Бабушка сидела за некрашеным столом и через лупу на черной ручке разглядывала в «Огоньке» картинки. На ногах у нее болтались меховые лётные унты, а во рту над нижней губой торчало два длинных зуба.

Увидев нас, бабушка всполошилась, подпрыгнула и замахала лупой на черной ручке.

— Сгинь, сатана, нечистая сила! — закричала бабушка. — Сгинь!

Мы попятились к двери, а бабушка ловко схватила от печи ухват. Только тут мы догадались, что кричит она не на нас, а на кота Альфреда, который выглядывал из-за наших ног. Кот тоже об этом вовремя догадался и быстренько сгинул.

Оказалось, что сегодня ильин день. А в этот день собак и кошек в избы не пускают.

— Ишь, как тебе ногу-то! — успокоившись, сказала бабушка. — В ильин день, знамо дело, всякому зверю воля дадена.

— А еще что в ильин? — поинтересовался Кит.

— Олень копыто омочил, вода холодна, — сказала бабушка, забинтовывая Эдькину ногу. — На Илью до обеда лето, после обеда осень. Не туго?

— Нет, спасибо, — сказал Эдька, собираясь подняться с лавки.

— Сиди, сиди, — приказала бабушка и, сжав кулачок, закачала им в такт словам у сморщенного подбородка. — На море на окияне, на острове на Буяне, — заговорила она нараспев, — лежит бел горюч камень Алатырь. На том камне Алатыре сидит красна девица, швея-мастерица. Держит она иглу булатную, вдевает нитку шелковую, рудо-желтую, зашивает раны кровавые. Заговариваю я Эдю от порезу. Булат, прочь отстань, а ты, кровь, течь перестань… Тьфу ты, имечко тебе прилепили, прости осподи! — неожиданно закончила она.

Темные бревенчатые стены дышали стариной. Что-то таинственное и сказочное было и в широких лавках вдоль стен, и в добротном некрашеном столе, и в прялке у окна, и в тусклых иконах, на которых уже и не разобрать было, что нарисовано.

— А тебе, парень, летать, никак, похотелось? — посмотрела на меня бабушка.

Я не ответил. Чего на такой вопрос ответишь? Я разглядывал полки с Киткиными книгами, над которыми был приколот к стене вырезанный из «Огонька» портрет Ленина.

— Похотелось Вольге много мудрости, — снова заговорила бабушка. — Щукой-рыбой похотелось ему ходить во глубоких морях, птицей-соколом похотелось летать под оболока…

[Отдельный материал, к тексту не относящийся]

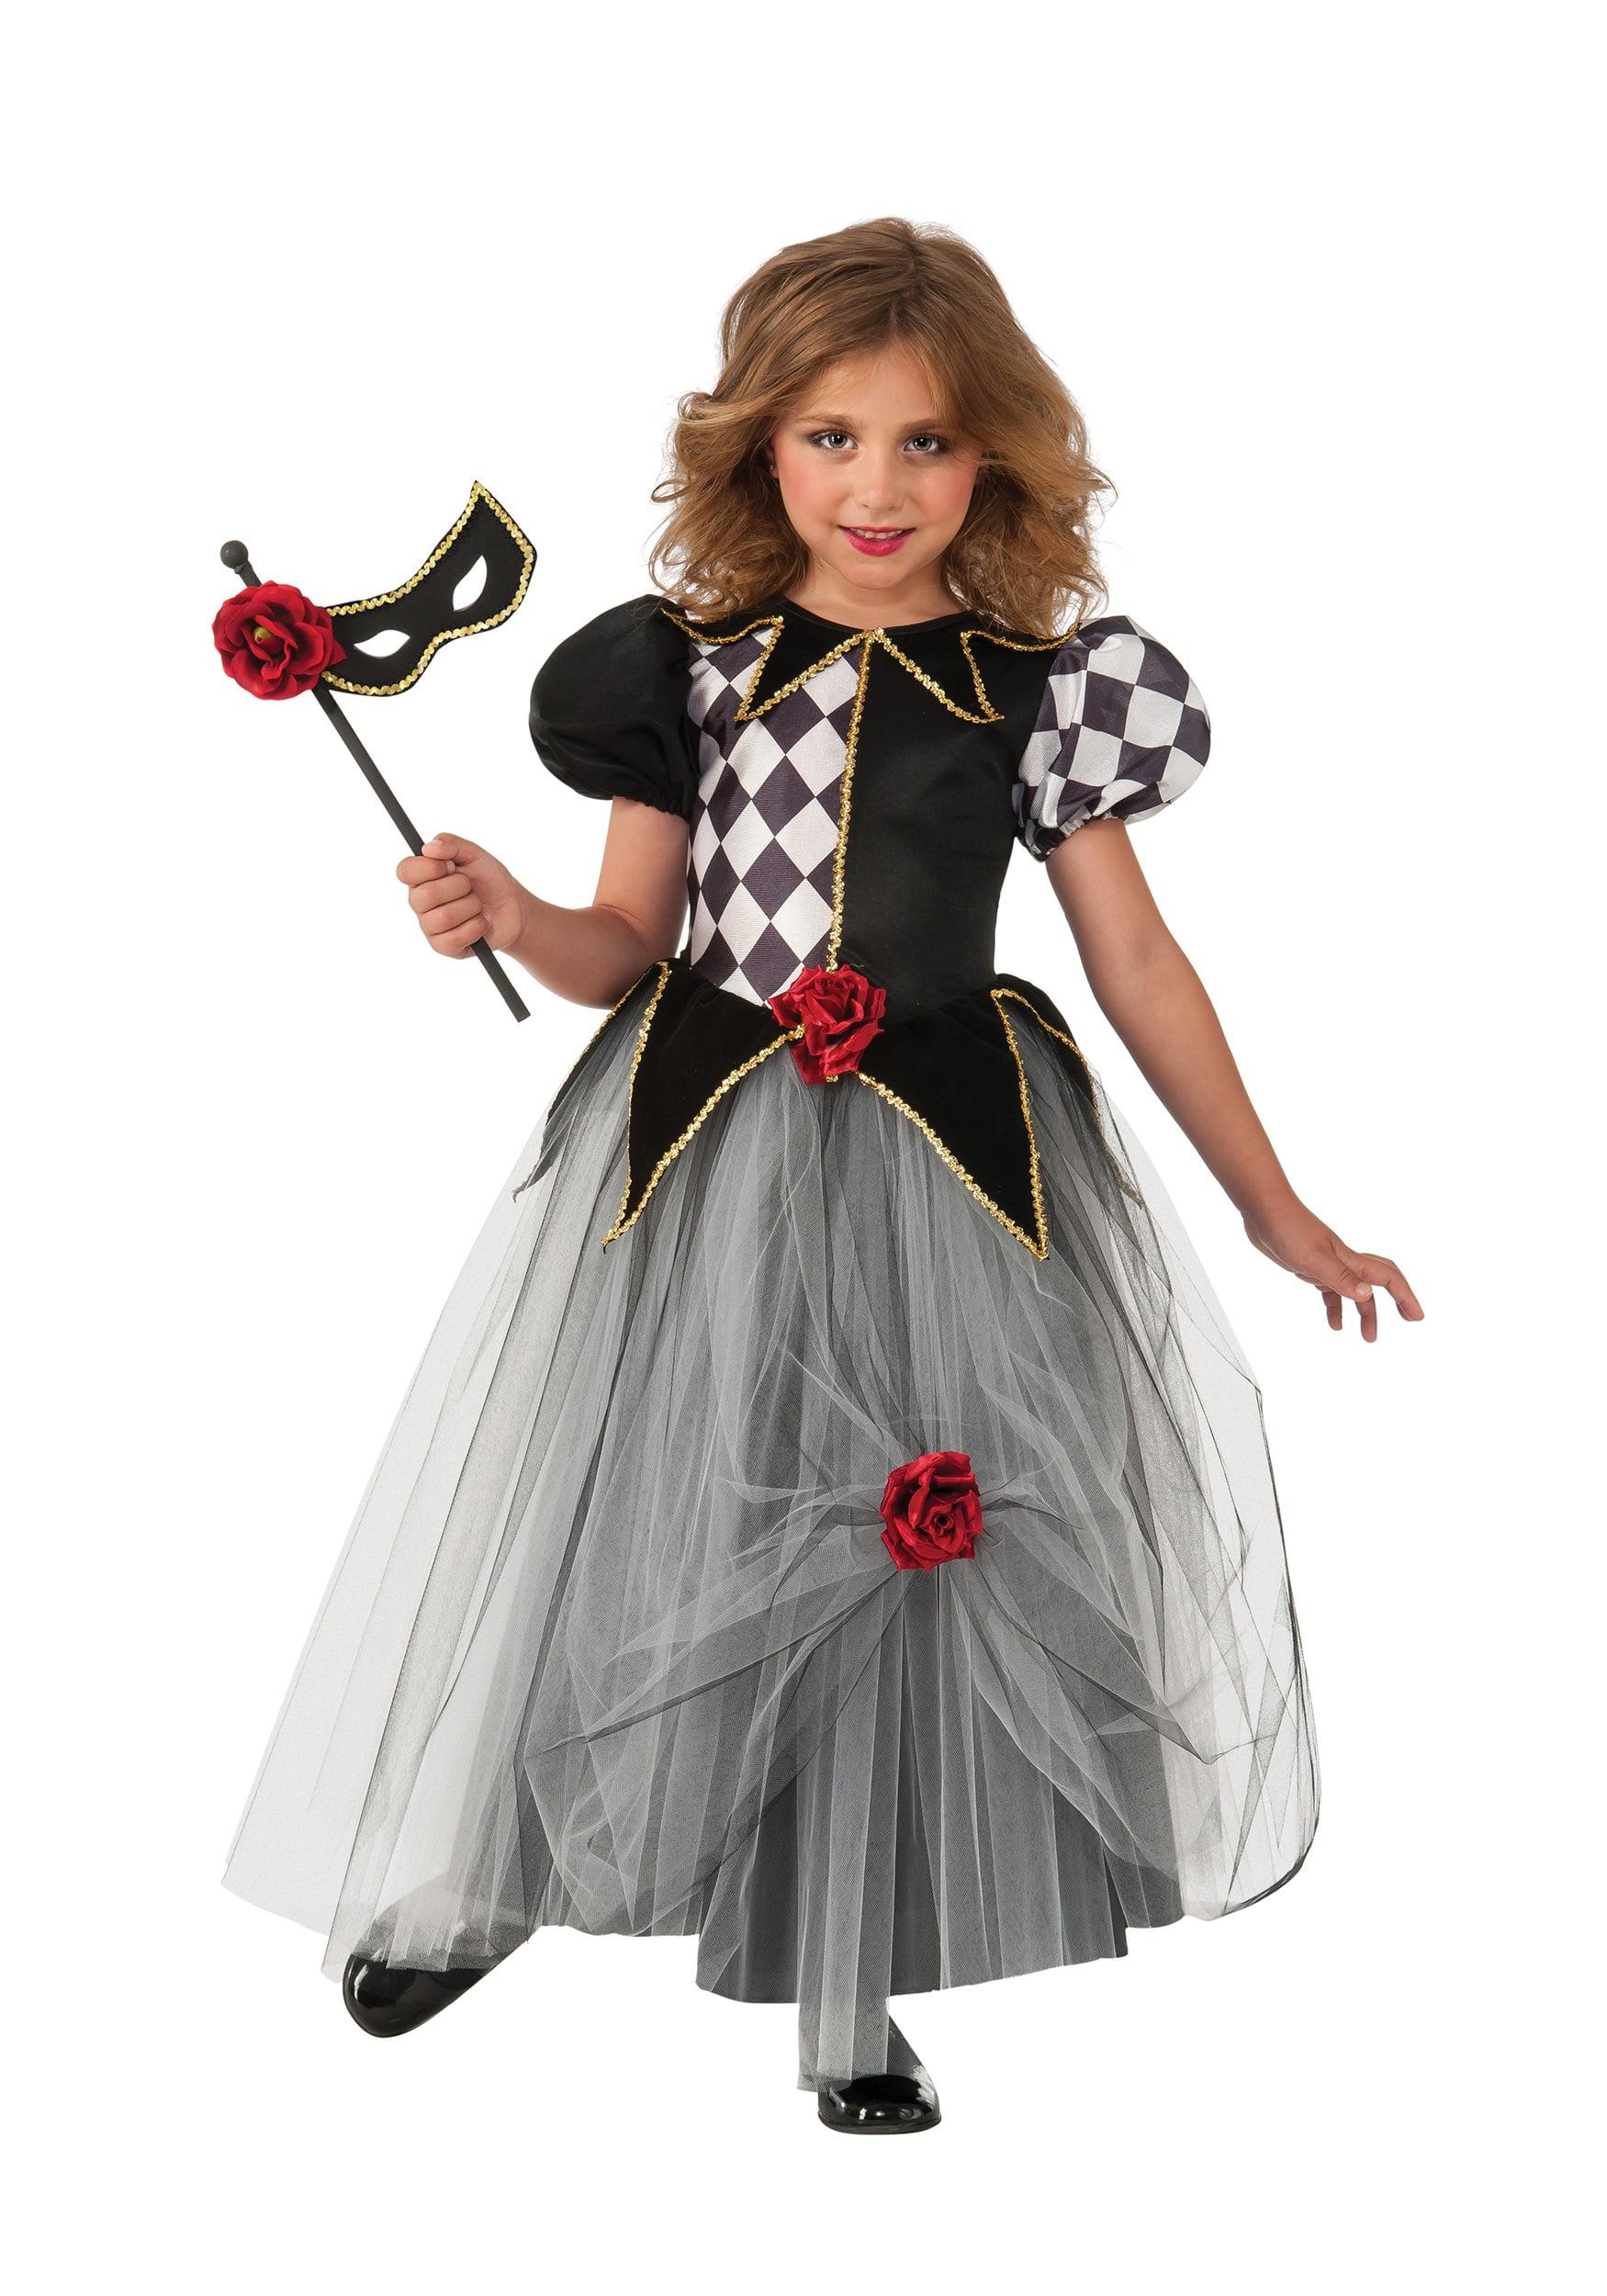 Girls Masquerade Princess Costume - Walmart.com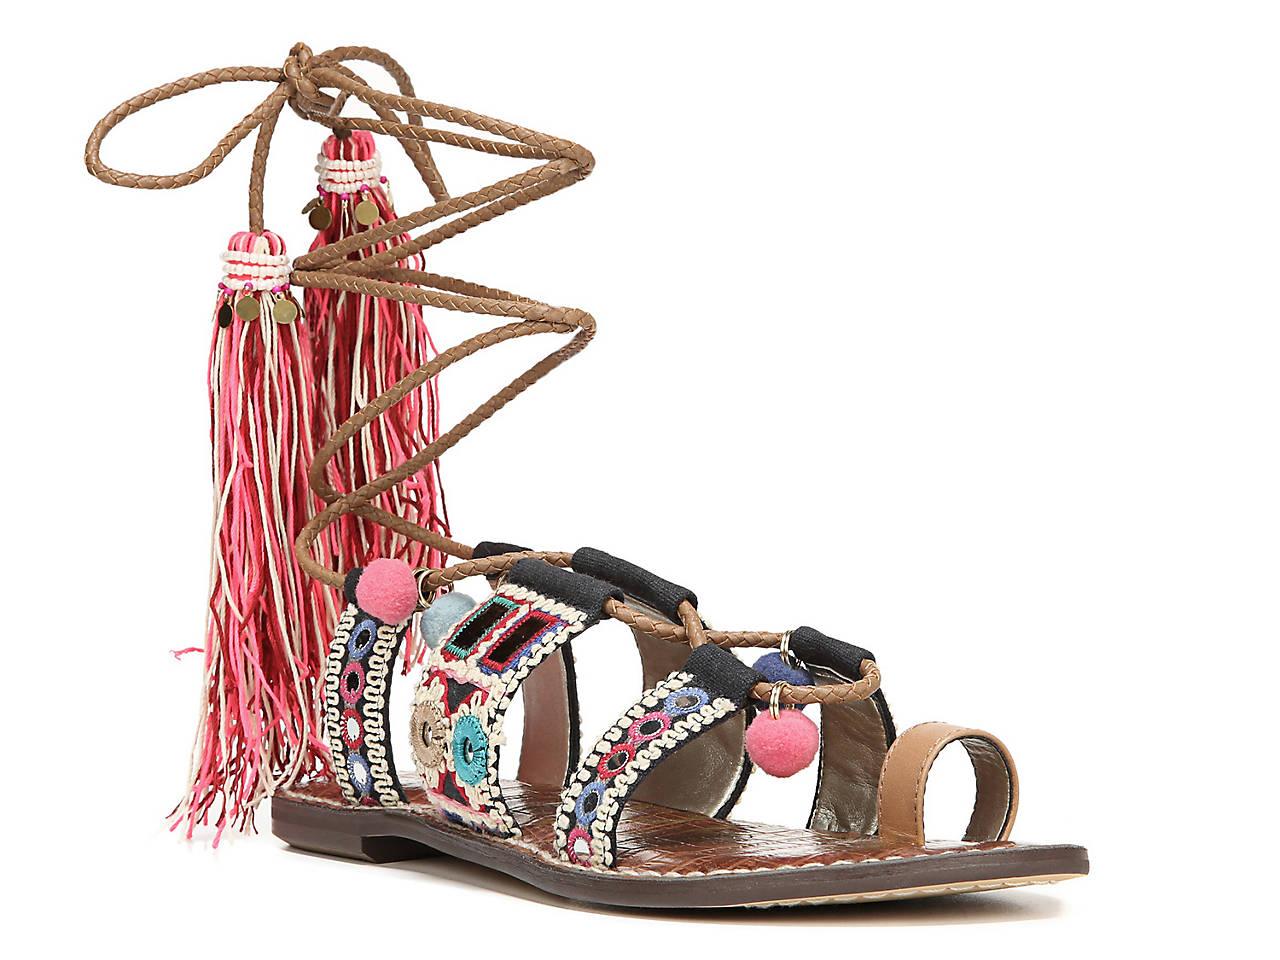 c5b939518b8 Sam Edelman Gretchen Gladiator Sandal Women s Shoes

На коричневом, ссохшемся лице ее двигались глубокие морщины. Когда она что-нибудь рассказывала, мне всегда казалось, что это не по-настоящему, что все это когда-то уже было.

Она начала рассказ про Вольгу Святославовича и неожиданно замолчала. У нее частенько случалось так: начнет и бросит на пол-пути.

— А дальше? — не удержался Эдька.

— А дальше был себе царь Додон, — сказала бабушка, — застроил он костяной дом. Набрали со всего царства костей. Стали мочить — перемочили. Стали сушить — кости пересохли. Опять намочили. А когда намокнут, тогда доскажу. Скидавай штаны, зачиним.